Certified South Carolina Grown

By Becky Mann
October 31, 2011

One peach was plucked from the branches while it was far from ripe and has spent the last week in a truck traveling across country to arrive in your local store. The other was enjoying the sunshine just a few miles up the road until a day ago, when it went from the peak of freshness to the grocery aisle. Given a choice, most people would select the local peach for its fragrance, flavor and nutrients. Choice is the reason behind Certified South Carolina, a five-year-old South Carolina Department of Agriculture program that brands and promotes South Carolina products so that the state’s consumers can easily find and purchase Palmetto State foods. 

In 2006, the department conducted background research on consumer attitudes and found that 80 percent of the state’s residents will pick a South Carolina product if available, but the same percentage could not identify those products. The Certified South Carolina program was launched to keep food closer to home, and its logo began to appear in supermarkets, roadside stands, and farmers markets, identifying fruits, vegetables, and other farm products as homegrown and meeting high standards for quality. 

About 100 farmers signed up as Certified South Carolina members at the start.
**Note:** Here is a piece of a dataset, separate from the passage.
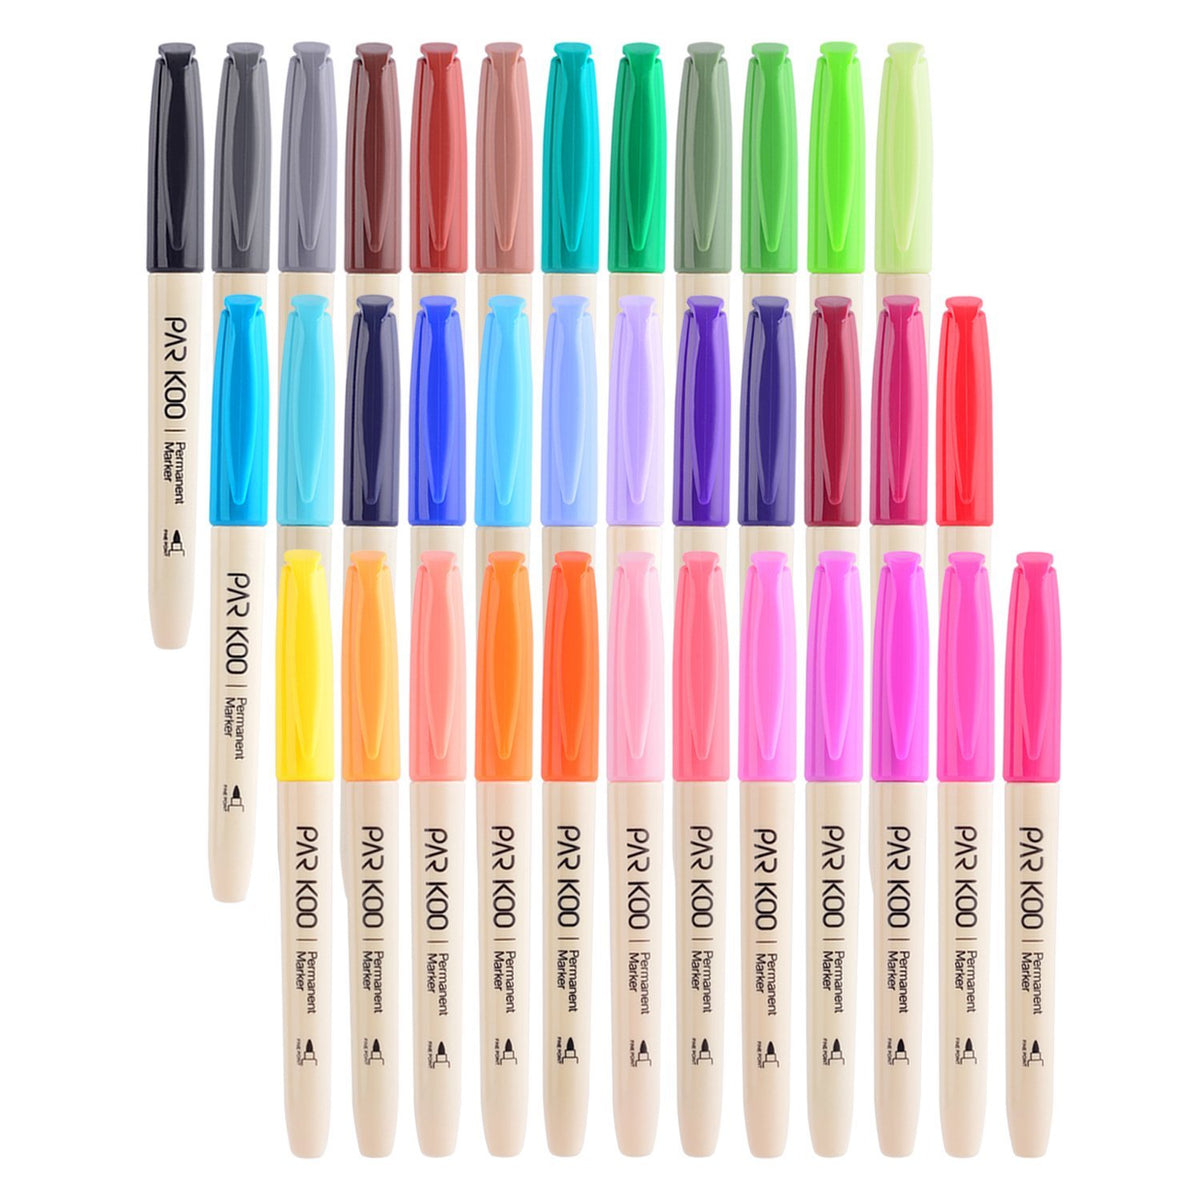 ParKoo 12 Colors Alcohol Brush Markers - ParKoo

Today, there are over 1,100. Fourteen grocery chains are on board including Wal Mart, BiLo, IGA, Piggly Wiggly, Publix, Ingles, Winn Dixie, and Whole Foods along with locally owned stores. This summer, well over 500 stores used Certified South Carolina signage. 

The Department of Agriculture has found that farmers are embracing the program. In fact, for every dollar the department spends on branding materials, $7 is being spent by Certified South Carolina members on marketing that promotes the initiative. The combination is powerful, says Agriculture Commissioner Hugh Weathers, a farmer himself. “Marketing is as key to a farmer’s success as the seed planted,” he says. 

When the program began, Weathers knew it had potential to impact around the edges, but he thought it would be difficult to break into mainstream food distribution. Fortunately, time has proved him wrong. Steve Francis, a broker and distributor who runs Francis Produce, credits Weathers and his department with marketing that capitalized on demand. “The initiative was driven by consumer demand that was there, but the marketing tapped into it and generated more awareness and excitement,” Francis says. “As you go into all major chains in this part of the country, they all have local produce now. The SC Certified program has given us a marketing platform to get more products in the stores to the end user.” 

Farmers also say the program works. Carol Fisher and her husband devote the majority of their 175 acres at Fishers Orchard to peaches and nectarines, and over the years, they’ve watched the focus move closer to home. “When we were first married, the entire peach crop was shipped from here in South Carolina to Pennsylvania, New York, Chicago or wherever the broker sold our peaches,” she says. “Now, probably 98 percent of everything we grow goes directly to a produce stand or a retail store. Selling locally is the future of farming.” 

The program is important for securing selling power during the growing season, says Donna Tesner, who operates Beechwood Farms along with her parents, Billy and Elizabeth Ledford. “During our season, the local push helps people be more aware of where their food is coming from, it helps to save on fuel costs, it allows people to be environmentally conscious, and it gives them a chance to support the local economy,” she says. “They can choose to support local farmers, and that’s a beautiful thing.” The program has two components. To qualify as Certified SC Grown, fruits, vegetables and other items must meet the U.S. #1 Quality Grade Standard or higher U.S. Grade Standards, depending on which standard applies in the community. In order to qualify as Certified SC Products such as sauces, sausages and soaps, products must meet appropriate USDA or FDA industry standards and must be produced and packaged in an approved kitchen or facility. 

Now that the Certified SC Program is well underway, the South Carolina Department of Agriculture is hard at work on adding to its success. Fresh on the Menu was launched as an additional phase in 2008. This initiative allows participating restaurants to let consumers know that 25 percent of the ingredients for their menu items come from South Carolina sources when in season. The program, which started small, is up to 325 participants, and Weathers wishes he had the manpower to grow it even further. “It’s very encouraging to see the number of restaurants that find value in using South Carolina produce,” he says. 

Now the department is taking further steps to combat the state’s dubious rankings – high on obesity and low on income generated per farm acre. The department’s Farm to School effort, funded by a Center for Disease Control grant, is designed to impact the diet and nutrition of children from grammar school ages up by creating a nutrient dense menu that comes from local sources. The pilot project included 52 schools, and, Weathers says, the department is learning its way through and getting others to join in. To qualify for the initiative, farmers must meet liability insurance requirements and become certified for good agricultural practices. 

Though rock hard peaches from the West Coast are sometimes available alongside local ones, the Certified South Carolina program is expanding the local food movement. “We pick for the best flavor and the best quality so that people can enjoy our peaches,” says Carol Fisher. “It has to taste 100 percent better than a fruit that was grown thousands of miles away, shipped over here, and is three or four days old before it ever reaches the store.”